The current evidence indicates that endoscopic ultrasonography-guided celiac plexus block is safe and well tolerated, with excellent temporary results in some patients. Unfortunately, reliable predictors of success are lacking. In the absence of long-term studies with follow-up in patients with chronic pancreatitis whose pain is chronic, the role of endoscopic ultrasonography- guided celiac plexus block should be limited to treating flares of chronic pain in patients with otherwise limited therapeutic options.

Surgical treatment

Duval pioneered efforts to treat the pain of chronic pancreatitis by surgical means in the 1950s with trans-duodenal sphincteroplasty and with caudal pancreato-jejunostomy (the Duval procedure). The results of this procedure were fraught with variable and usually poor results, perhaps only helping some of those patients with true recurrent acute pancreatitis[60]. A more extensive drainage procedure, lateral pancreatojejunostomy, described by Puestow and Gillesby[61] and subsequently modified by Partington and Rochelle[62], was applied to the subset of patients with dilated main pancreatic duct and became the first surgical treatment widely considered to be effective for pain in this disease. At that time, however, its application was hampered because there was no way to determine preoperatively if a patient with chronic pancreatitis had the dilated ducts required for this procedure because neither ERCP nor CT was available until the 1970s. Thus, at exploration an intraoperative pancreatogram was used to select who would be candidates for lateral pancreatojejunostomy. In those without dilated ducts, the remaining options were to perform a sphincteroplasty (which was largely abandoned because of its failure) or to do nothing further. In the 1960s, surgeons began performing pancreatic resections for chronic pancreatitis, initially distal pancreatectomies (with poor results) and later distal subtotal (95%) resections, which were relatively more effective for pain, but rendered most patients diabetic[63]. Proximal resections of the head of the pancreas (i.e. Whipple procedures) were not widely applied until the 1980s, when the associated operative morbidity and mortality fell substantially[6466].

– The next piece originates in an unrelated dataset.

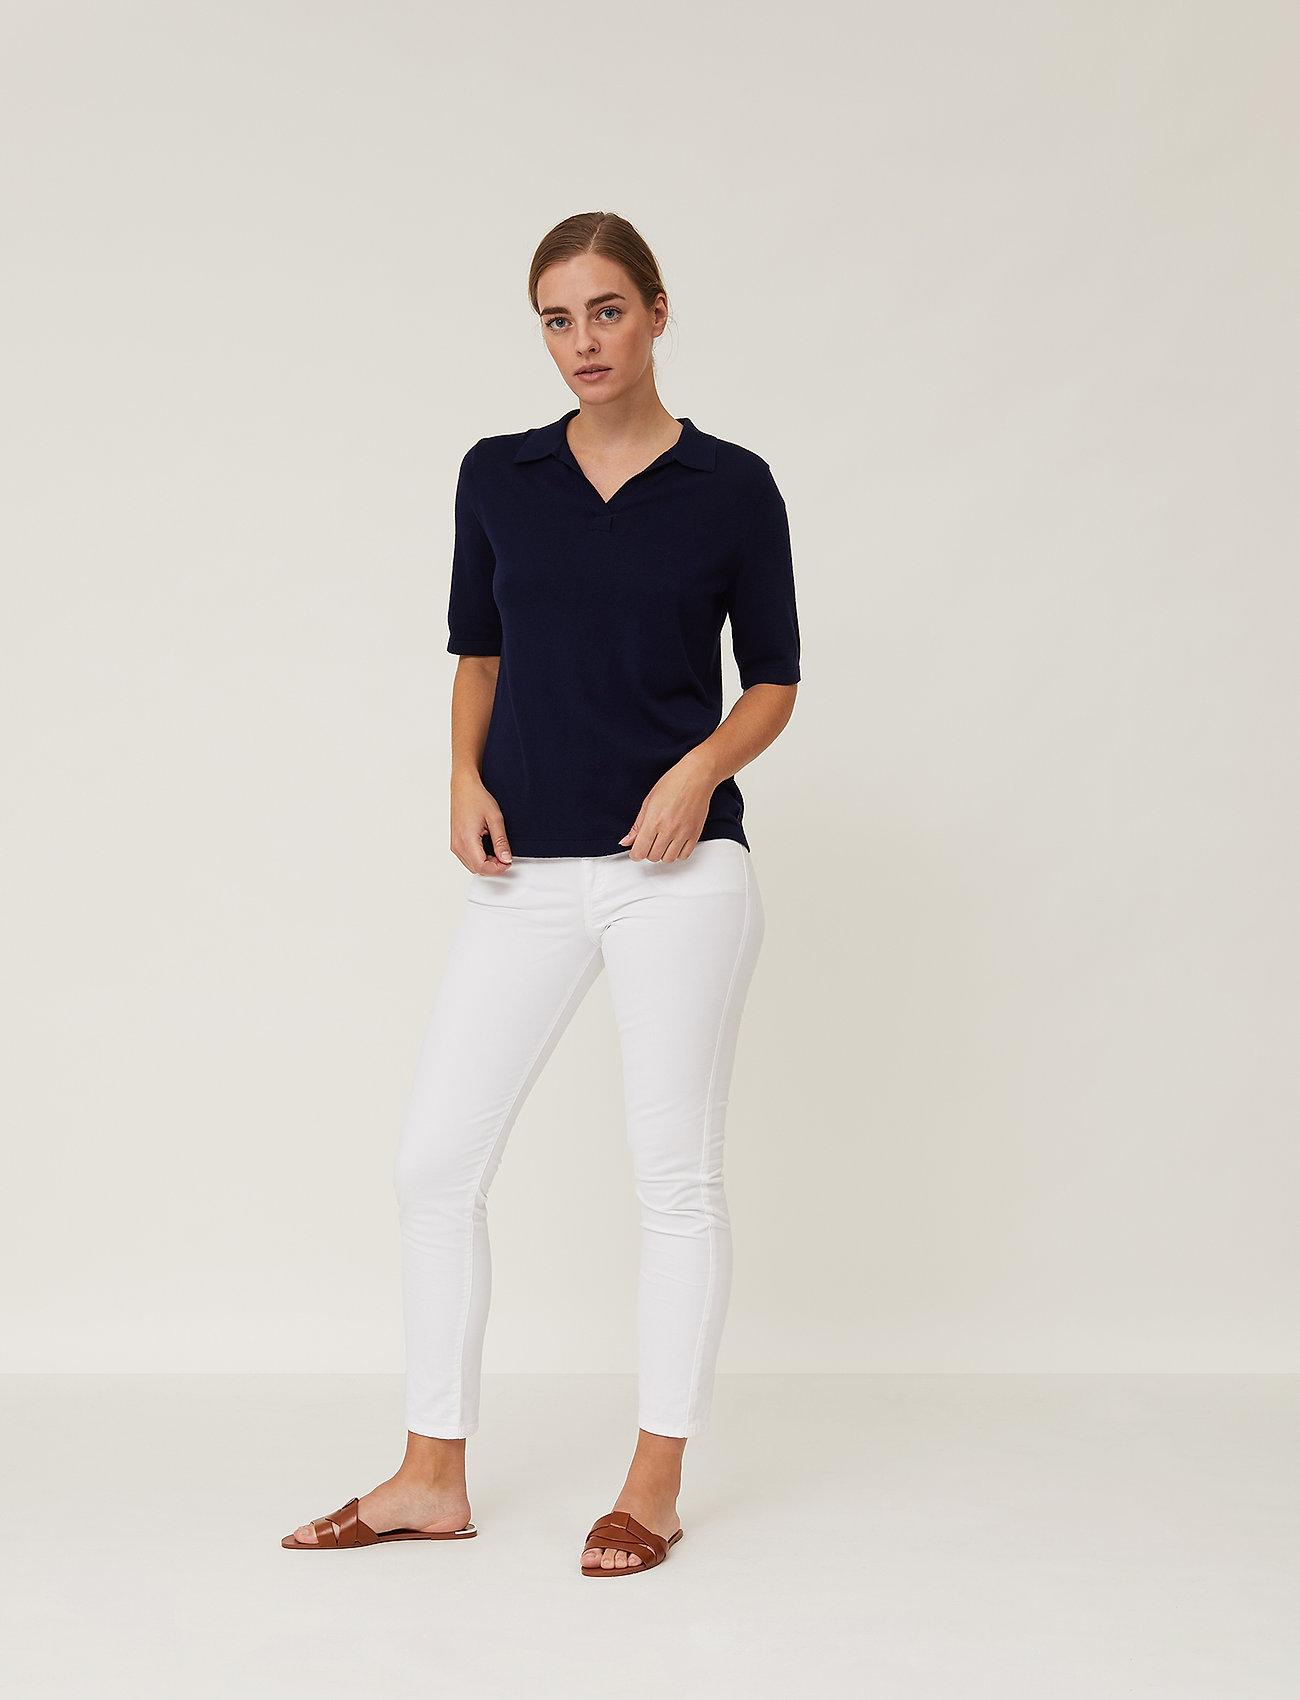 Lexington Clothing - Amilia Cotton/Silk Blend Short Sleeve Knitted Polo - polohemden - dark blue - 0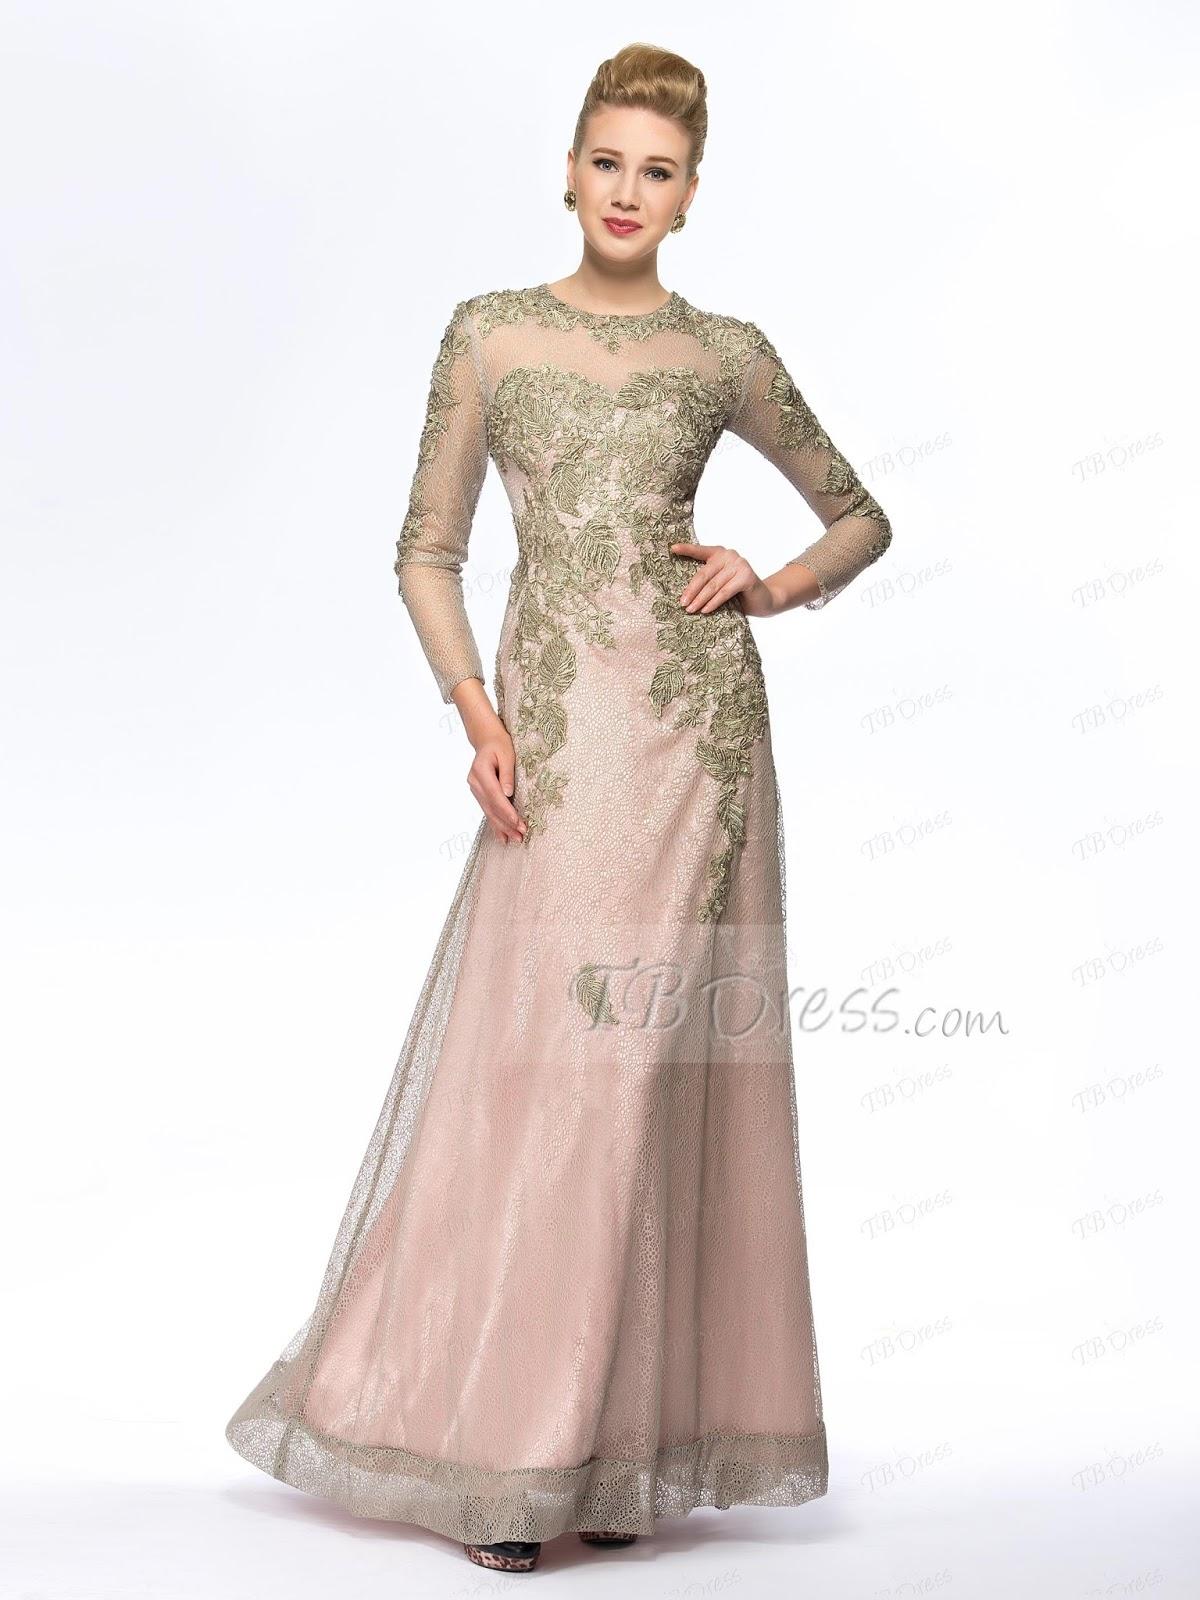 Petite mother of the bride dresses  She Dresses   Fashion ...

Patients whose pain persists in spite of aggressive noninvasive treatment should undergo endoscopic retrograde pancreatography to define the caliber and morphologic characteristics of their pancreatic ducts. Depending on the population being studied, up to half of these patients may have dilated ducts, frequently with areas of stricture-the "chain of lakes" or "string of pearls" appearance; the remainder have either ducts of normal caliber (2 to 4 mm in diameter) or small ducts that may lack side branches-the "tree in winter" appearance[6768]. Ducts larger than 8 mm in diameter can be successfully decompressed by an internal surgical-drainage procedure, such as a longitudinal pancreaticojejunostomy (the modified Puestow procedure)[6062], but smaller ducts are not amenable to internal surgical drainage or resection.

Like most surgical procedures currently in use, those for chronic pancreatitis gradually became part of the armamentarium without undergoing rigorous testing and were never compared against medical treatment or no treatment. The vast majority of patients are still operated on when they continue to have intractable pain despite medical treatment. There are very few controlled trials in the surgical literature on this disease. The two randomized controlled studies comparing surgery with endoscopic therapy are discussed in the endoscopic therapy section. Surgical options include decompression/drainage operations, pancreatic resections, and denervation procedures. As with endoscopic interventional therapy, objective transferable criteria for the need for surgical intervention have not been developed or agreed upon.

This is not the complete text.